Information shown

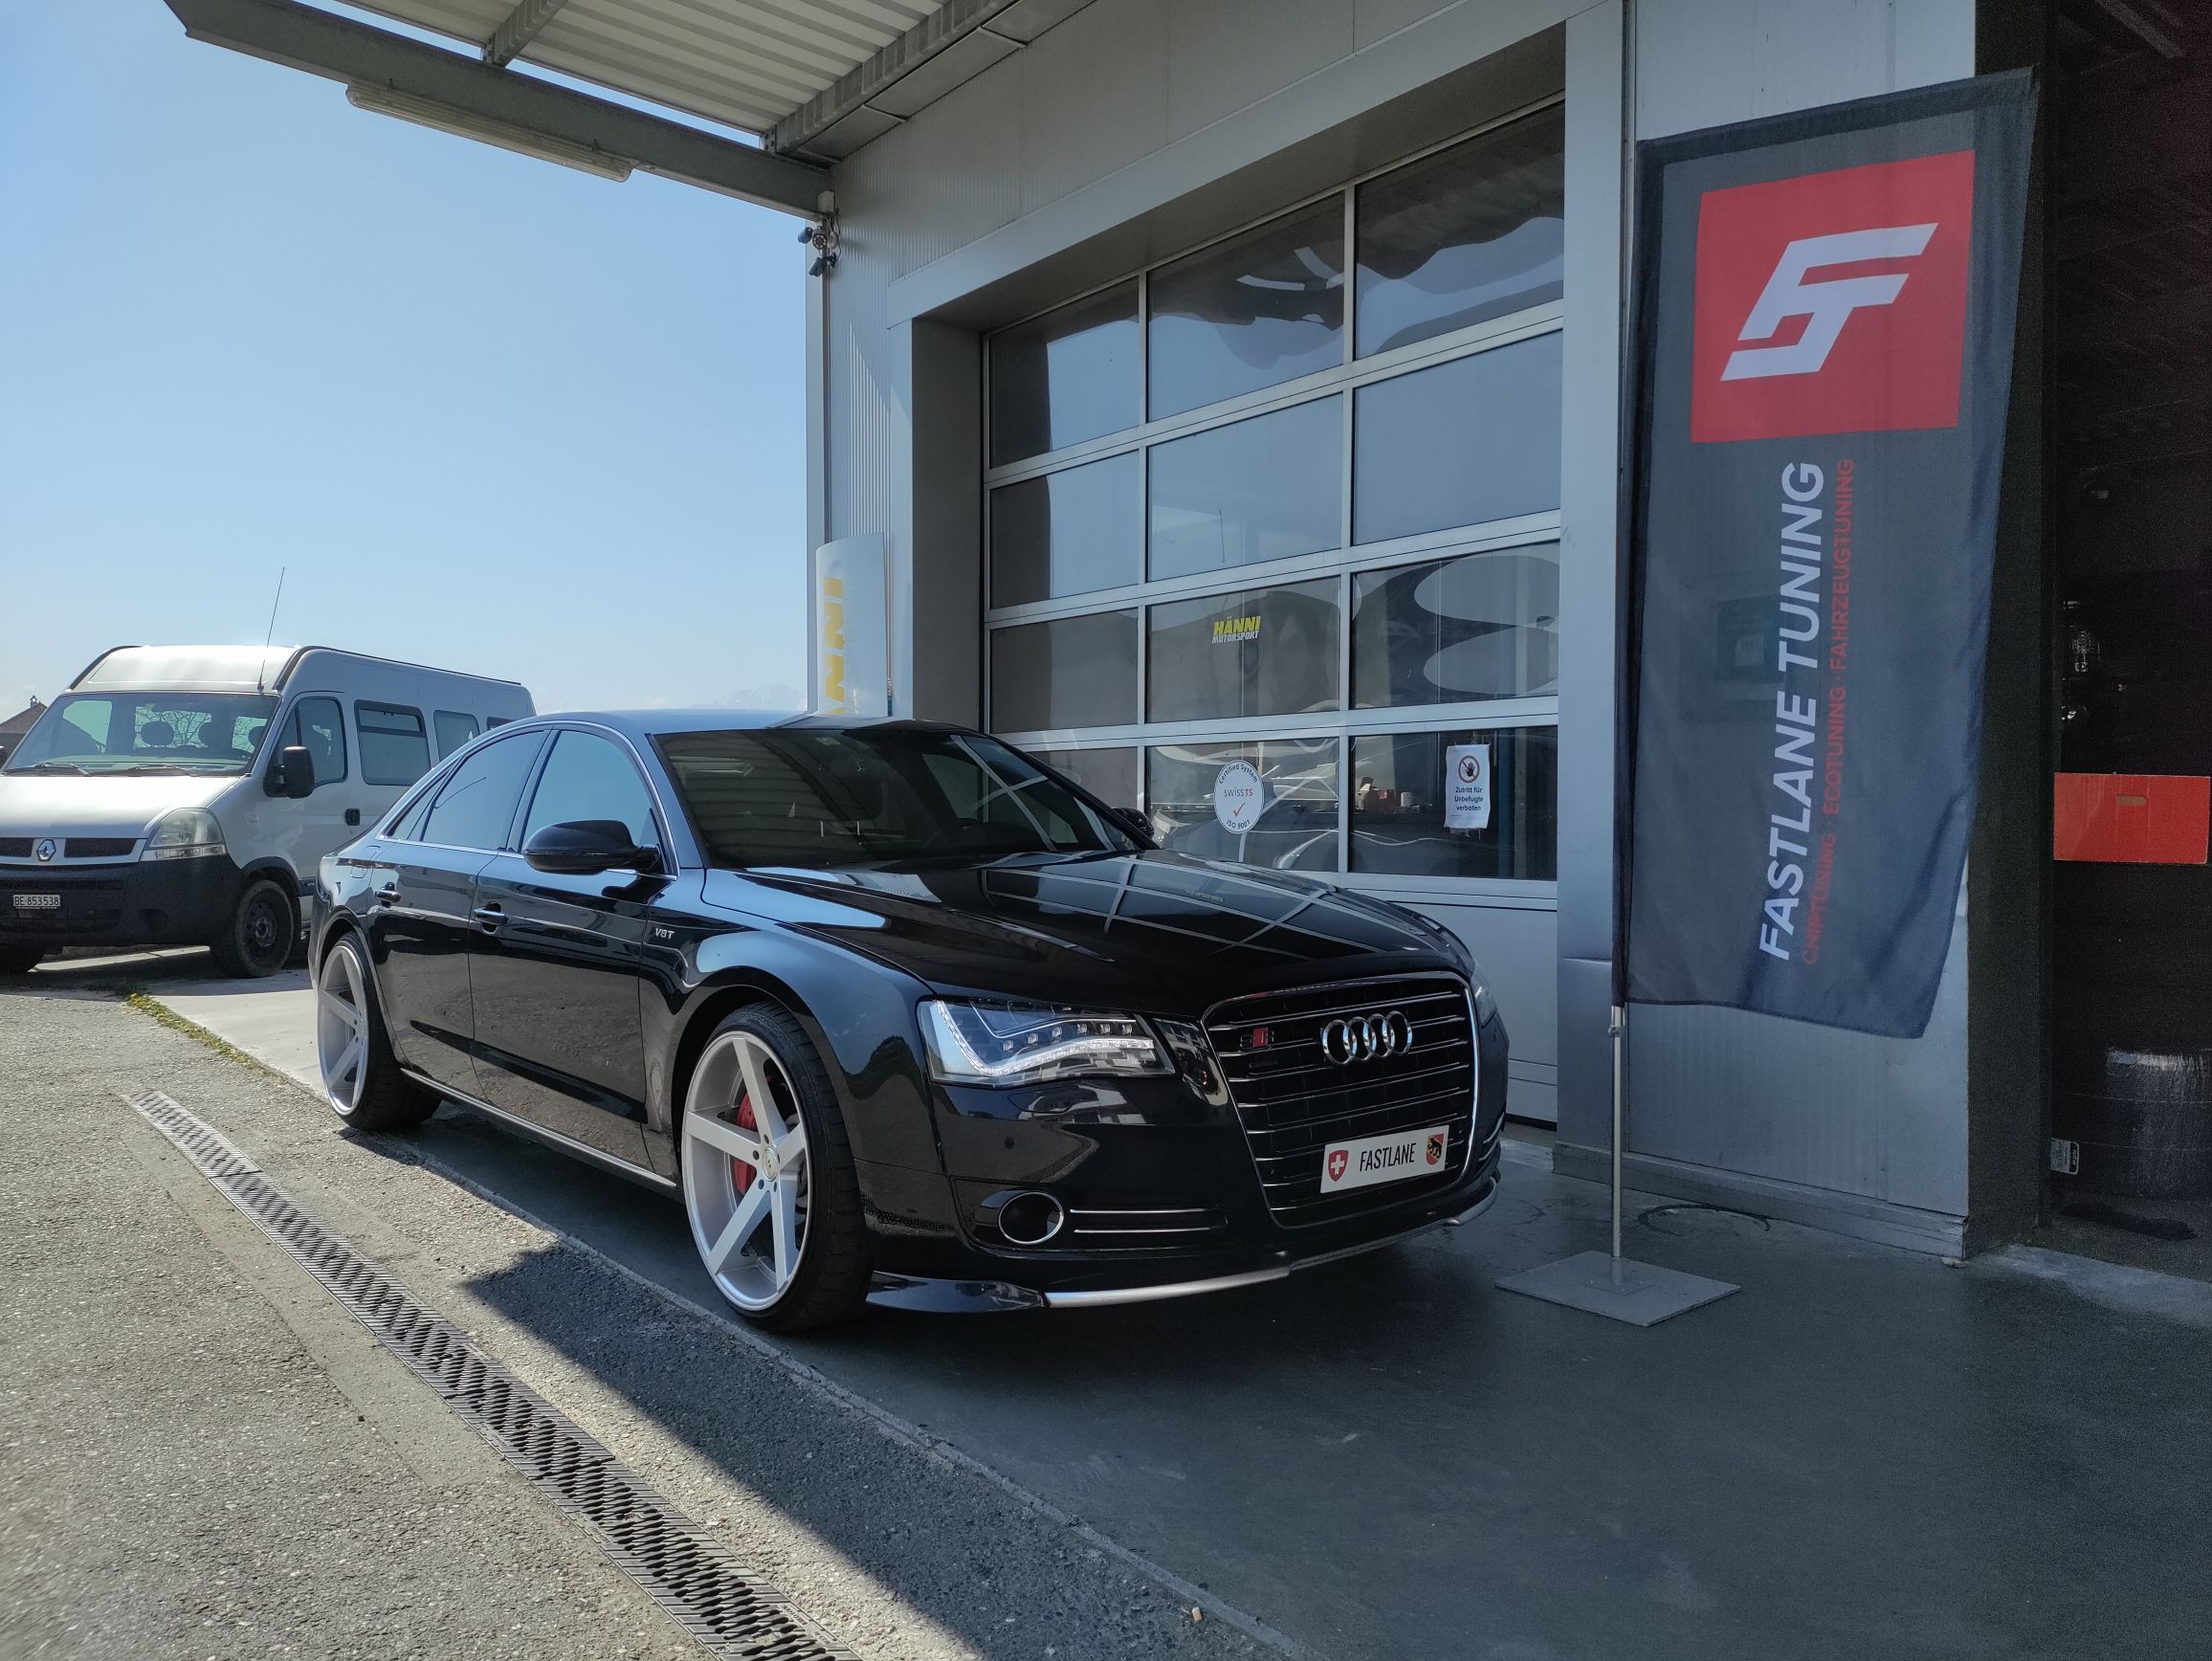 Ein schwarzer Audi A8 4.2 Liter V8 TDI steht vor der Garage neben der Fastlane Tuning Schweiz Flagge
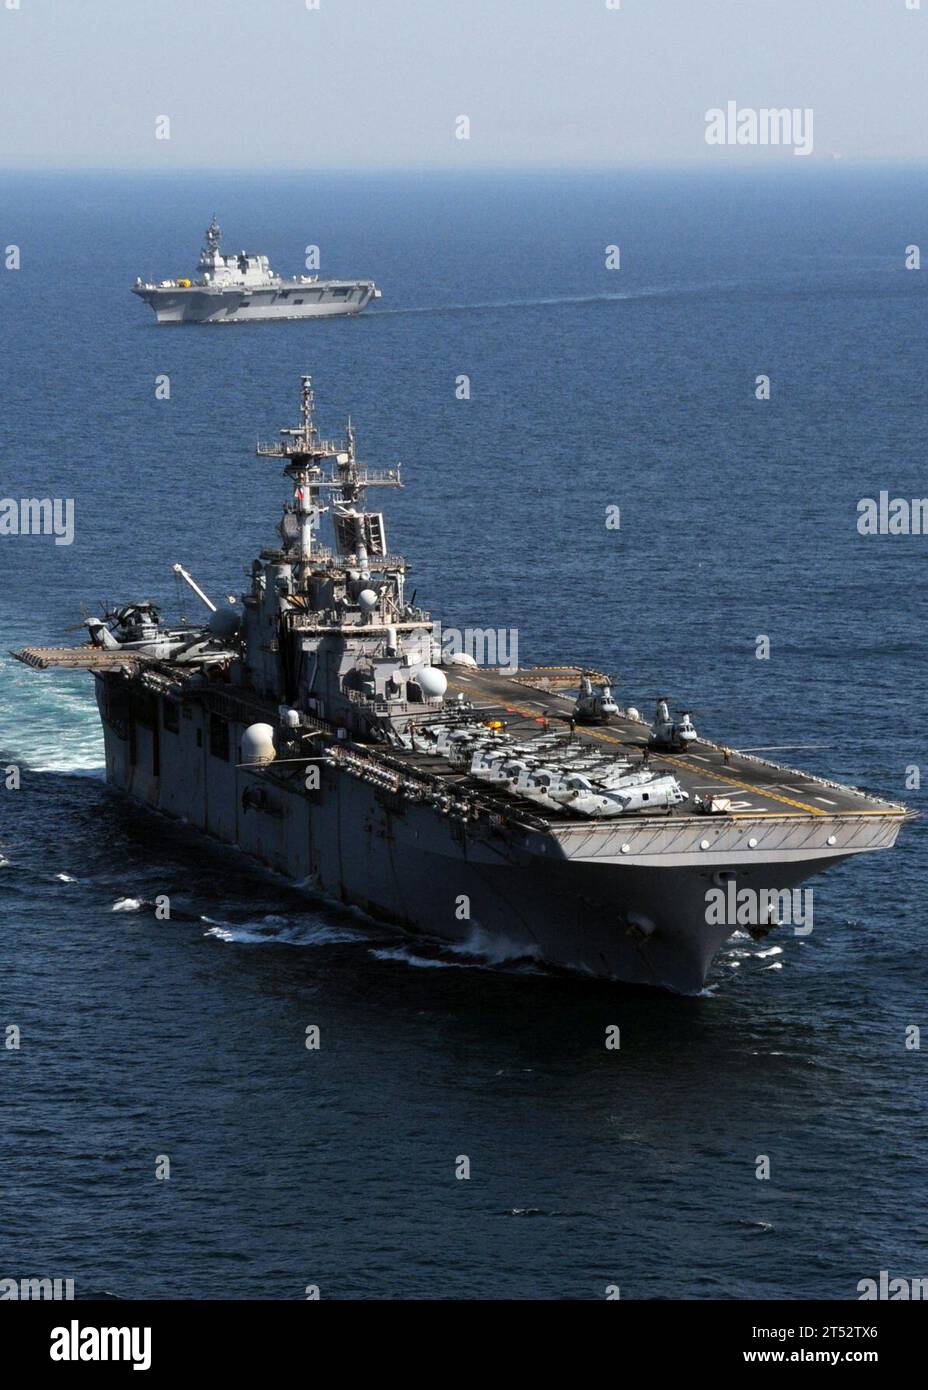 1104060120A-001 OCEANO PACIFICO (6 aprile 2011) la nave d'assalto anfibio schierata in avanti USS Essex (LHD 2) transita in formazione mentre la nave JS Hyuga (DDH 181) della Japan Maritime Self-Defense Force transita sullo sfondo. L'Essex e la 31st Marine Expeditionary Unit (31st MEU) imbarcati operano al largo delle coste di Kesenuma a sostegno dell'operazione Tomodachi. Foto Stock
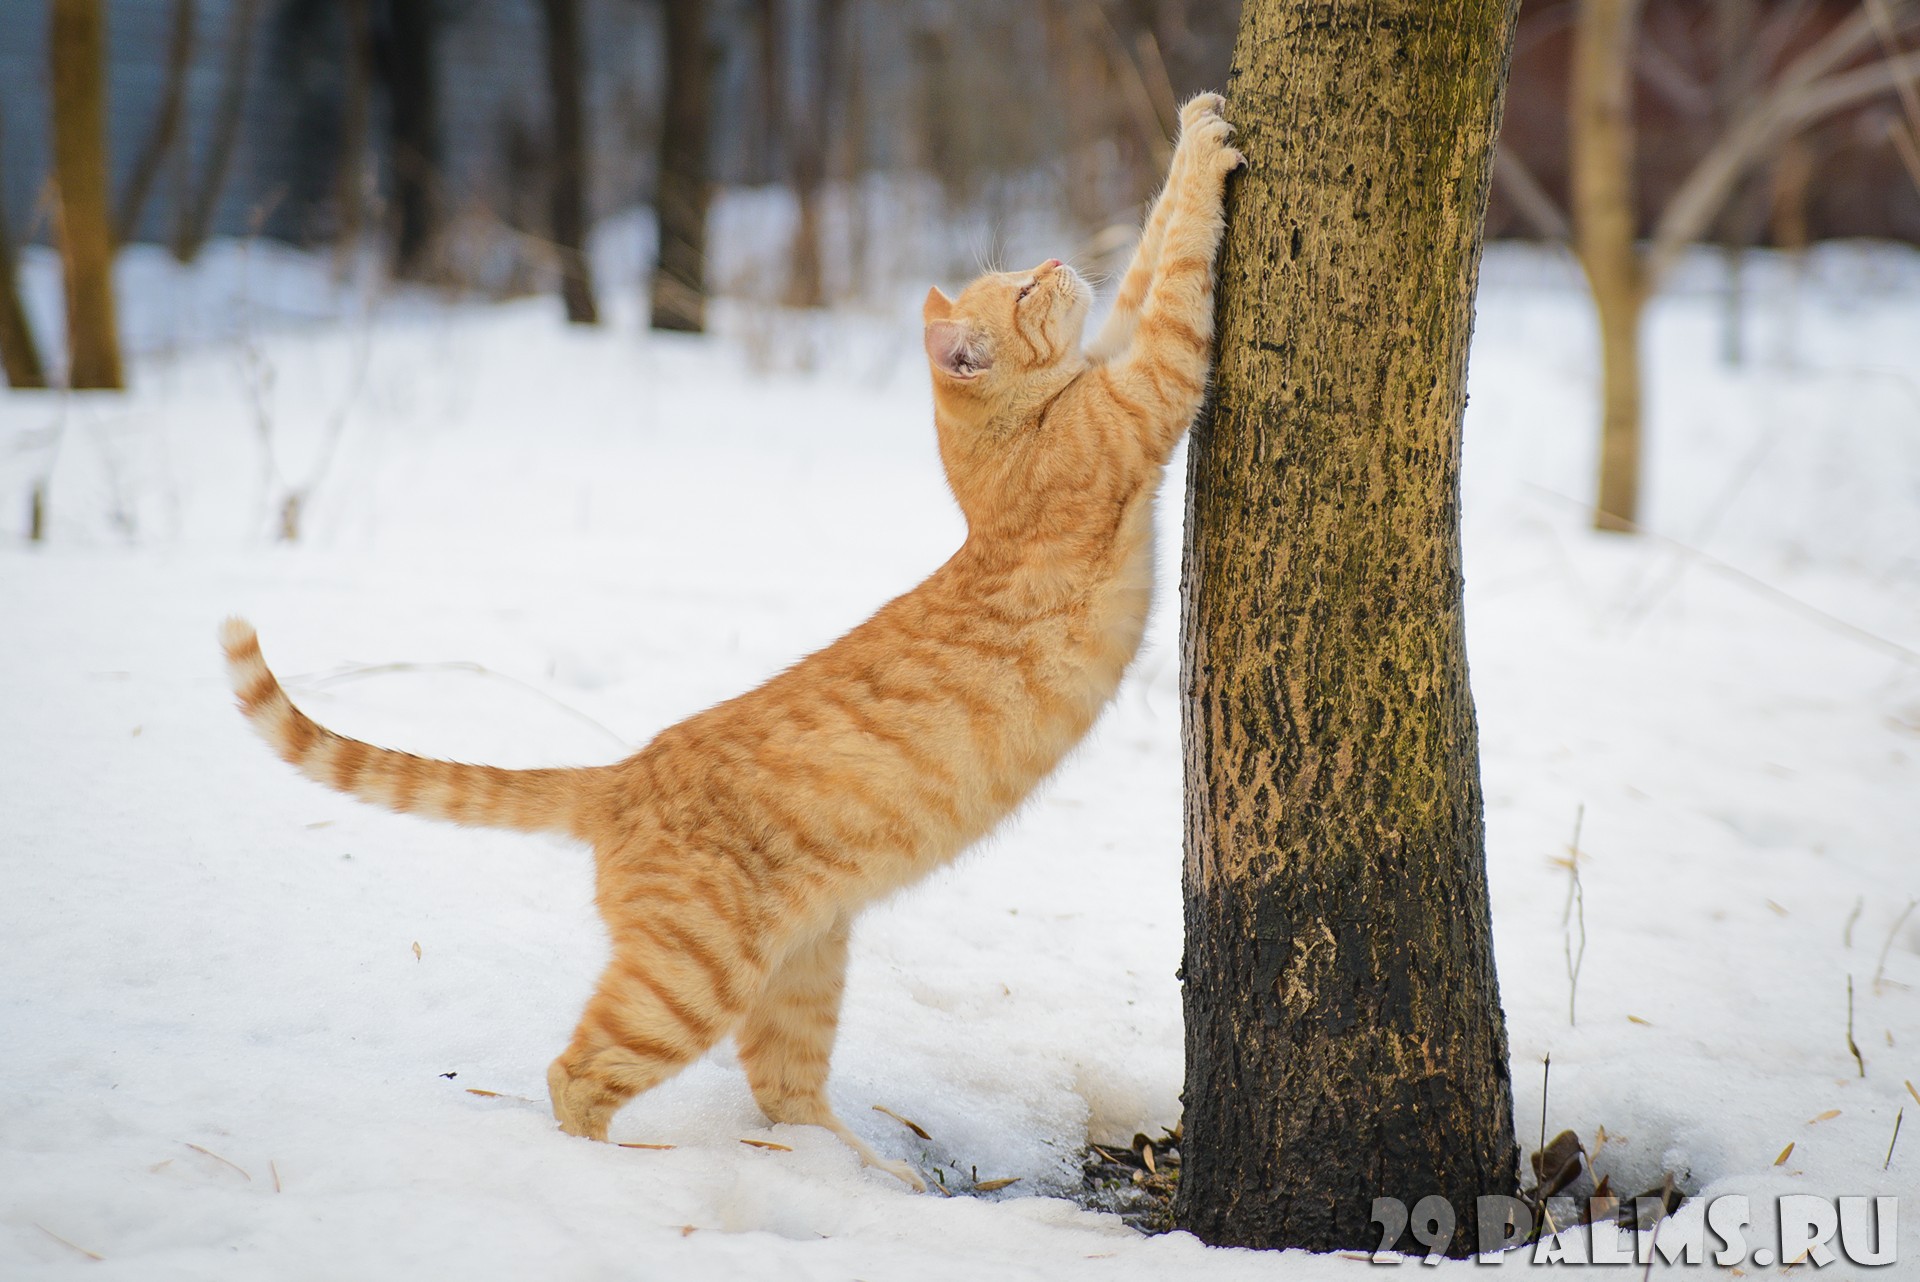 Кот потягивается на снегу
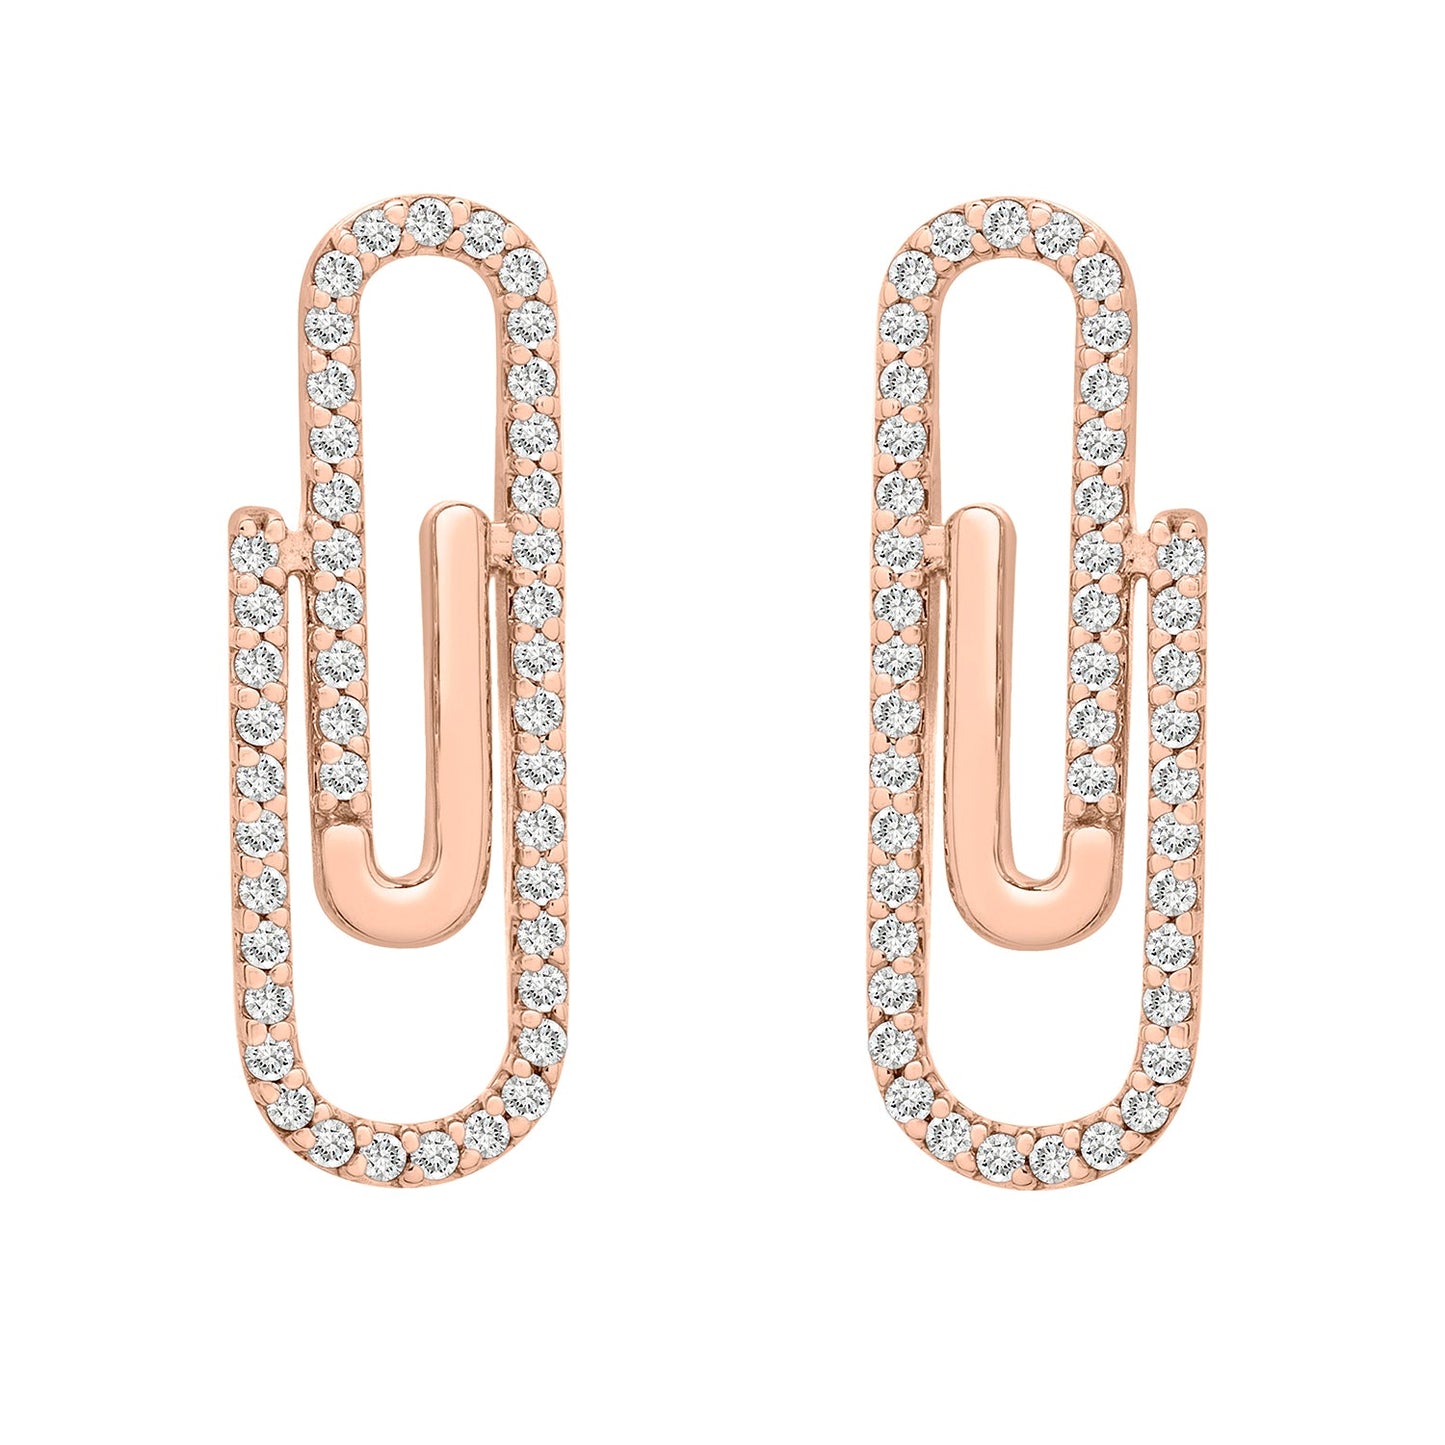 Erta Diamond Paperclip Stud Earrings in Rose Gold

What to produce
Repeat the material above in full and exactly, apart from the pictures.

Reply
 Ein schwarzer Audi A8 4.2 Liter V8 TDI steht vor der Garage neben der Fastlane Tuning Schweiz Flagge
 1104060120A-001 OCEANO PACIFICO (6 aprile 2011) la nave d'assalto anfibio schierata in avanti USS Essex (LHD 2) transita in formazione mentre la nave JS Hyuga (DDH 181) della Japan Maritime Self-Defense Force transita sullo sfondo. L'Essex e la 31st Marine Expeditionary Unit (31st MEU) imbarcati operano al largo delle coste di Kesenuma a sostegno dell'operazione Tomodachi. Foto Stock
 Кот потягивается на снегу
 Erta Diamond Paperclip Stud Earrings in Rose Gold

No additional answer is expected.